A voir, un portrait intimiste du docteur Ephraïm Bueno (1599-1665), médecin et écrivain juif d’Amsterdam par Rembrandt, c. 1647. C’est vraisemblablement un ami commun, Menasseh Ben Israel, « érudit juif portugais qui possédait une imprimerie à Amsterdam et comptait le docteur Bueno parmi ses clients et financiers », qui a fait se rencontrer l’artiste et ce médecin. « Bueno appartenait à une célèbre famille juive originaire du nord du Portugal, dont étaient issus de nombreux médecins… En 1642, alors qu’il vivait déjà à Amsterdam, Ephraïm Bueno reçut son titre de docteur en médecine de la Faculté de Bordeaux. C’était aussi un homme de lettres qui écrivait de la poésie et traduisait les œuvres de ses confrères en espagnol ».
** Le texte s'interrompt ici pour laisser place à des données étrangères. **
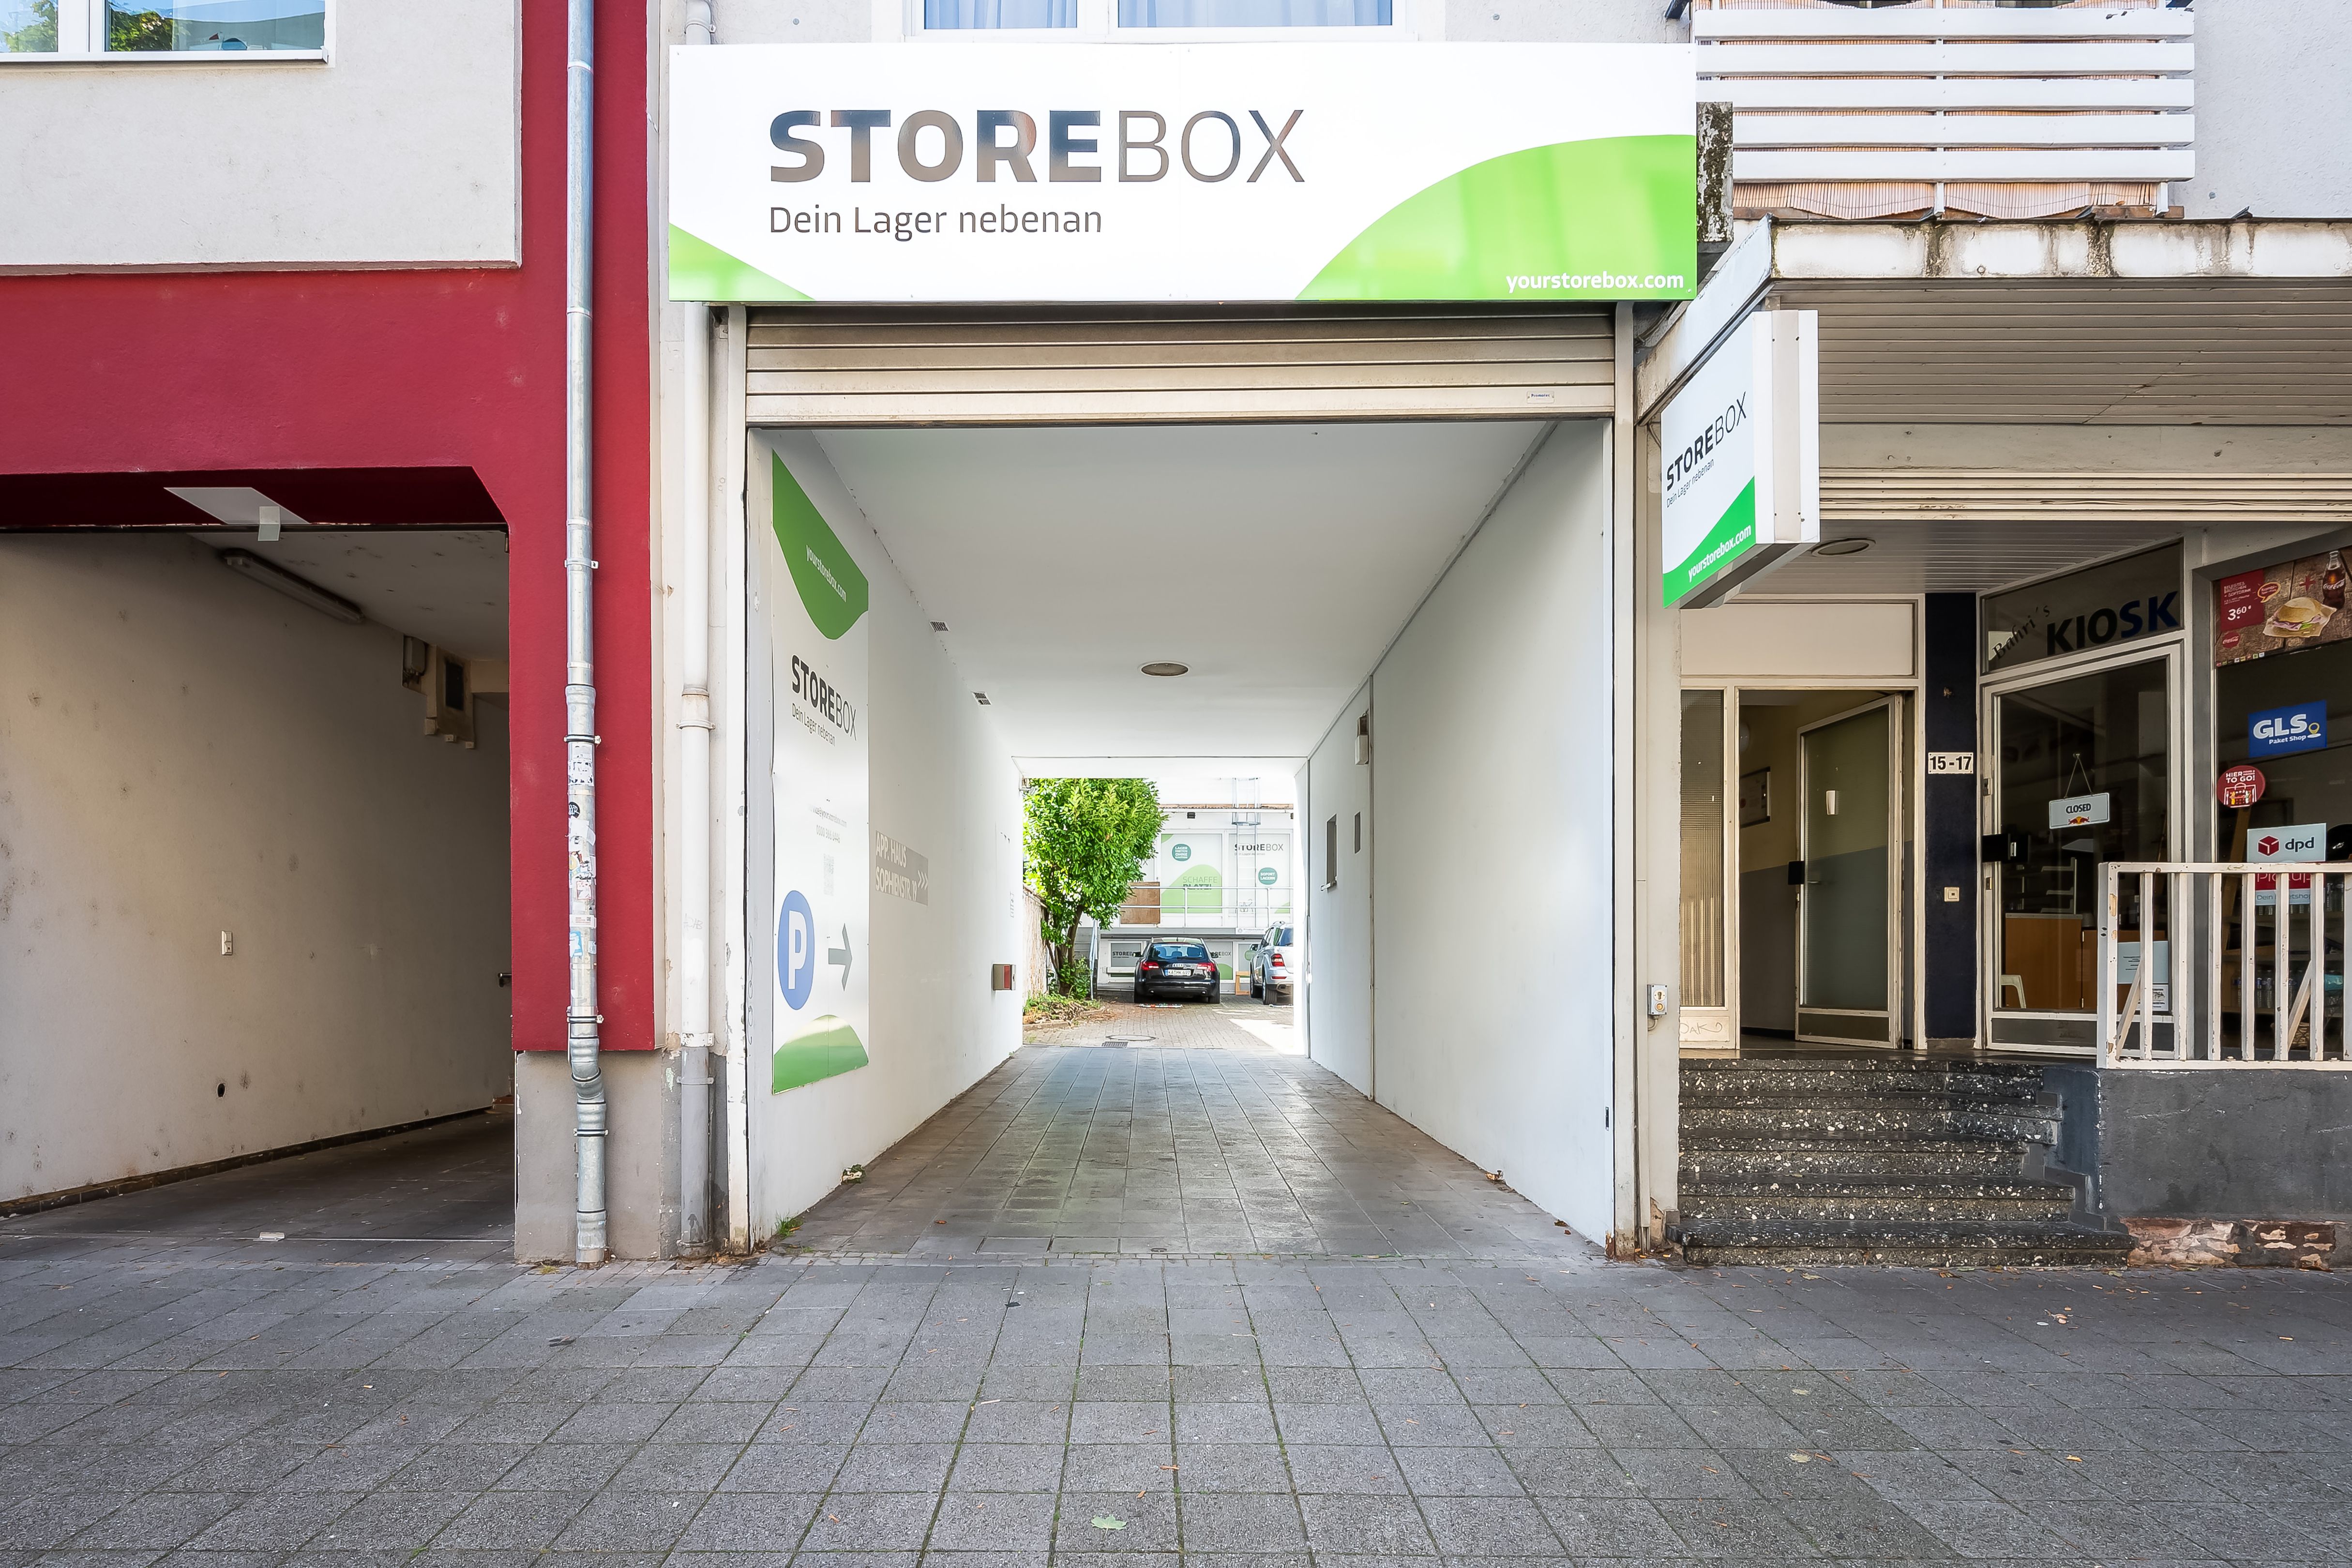 Storebox - Dein Lager nebenan, Sophienstraße 15-17 in Karlsruhe

Dans Intérieur de la synagogue portugaise d'Amsterdam (1680), Emanuel de Witte peint la synagogue qui était à l’époque la plus grande au monde, et était située un peu à l’extérieur de la ville, sur l’île marécageuse de Vlooienburg. Au début, la communauté juive était essentiellement composée de juifs séfarades qui avaient fui le Portugal et l’Espagne, mais après 1650, beaucoup venaient d’Europe de l’Est. A la fin du XVIIe siècle, Amsterdam abritait presque 10 000 juifs, soit la plus grande communauté juive d’Europe de l’Ouest. Représentant de l’école des peintres architecturaux de Delft, De Witte semble avoir été le premier artiste à choisir une synagogue comme sujet de tableaux.

Attribuée à Pieter Jansz van Hoven, la lampe de Hanoukka (1696) souligne la virtuosité du travail d’orfèvre. C’est « la plus ancienne des trois lampes hanoukka encore existante réalisées par l’artiste ». Il s’agit vraisemblablement « d’une commande du marchand Salomon Levie Norden, qui l’aurait offerte à sa fille lors du mariage de celle-ci ». Les motifs floraux sont finement ciselés.

Mécénat et guildes
La culture - lettres, arts - s’épanouit naturellement dans les Provinces-Unies. Un nouveau type de mécénat se développe. A la différence d’autres nations européennes où les mécènes sont issus de riches familles aristocratiques, ce sont les négociants issus de familles patriciennes et enrichis par ce commerce qui constituent une classe moyenne principale commanditaire d’œuvres. « Ceux qui s’enrichissaient devenaient à leur tour des commanditaires pour des œuvres, créant une forme de compétition entre les corps de métiers et les familles patriciennes, chacun éprouvant la nécessité de faire valoir sa réussite sociale et son ascension économique ainsi que son changement de statut. La région devint ainsi le pôle culturel majeur où pouvait se développer des ateliers d’artisans et d’artistes. L’art et la culture constituèrent une nouvelle forme de prospérité économique et industrielle ». En est résulté une surenchère sur les sujets, une recherche de sujets originaux, un traitement nouveau des paysages. Naît alors la peinture de genre.

« La majorité des peintures hollandaises créées durant cet âge d’or n’étaient pas des commandes de mécènes de la très haute noblesse ou de l’Eglise, mais étaient destinées à être vendues sur le marché de l’art. Et pour la première fois aussi, les riches classes moyennes achetaient des œuvres d’art sur une grande échelle ».

Des organismes publics ou de citoyens privés n’accordaient pas de commissions régulières à la plupart des peintres.

Artistes, artisans et peintres en bâtiment étaient membres de guildes spécifiques, sortes d’organisations professionnelles. Les membres d’une guilde étaient sûrs de bénéficier d’un « filet de sécurité plus ou moins solide quand ils traversaient des époques difficiles et d’une certaine protection contre la concurrence de confrères extérieurs à leurs propres villes ».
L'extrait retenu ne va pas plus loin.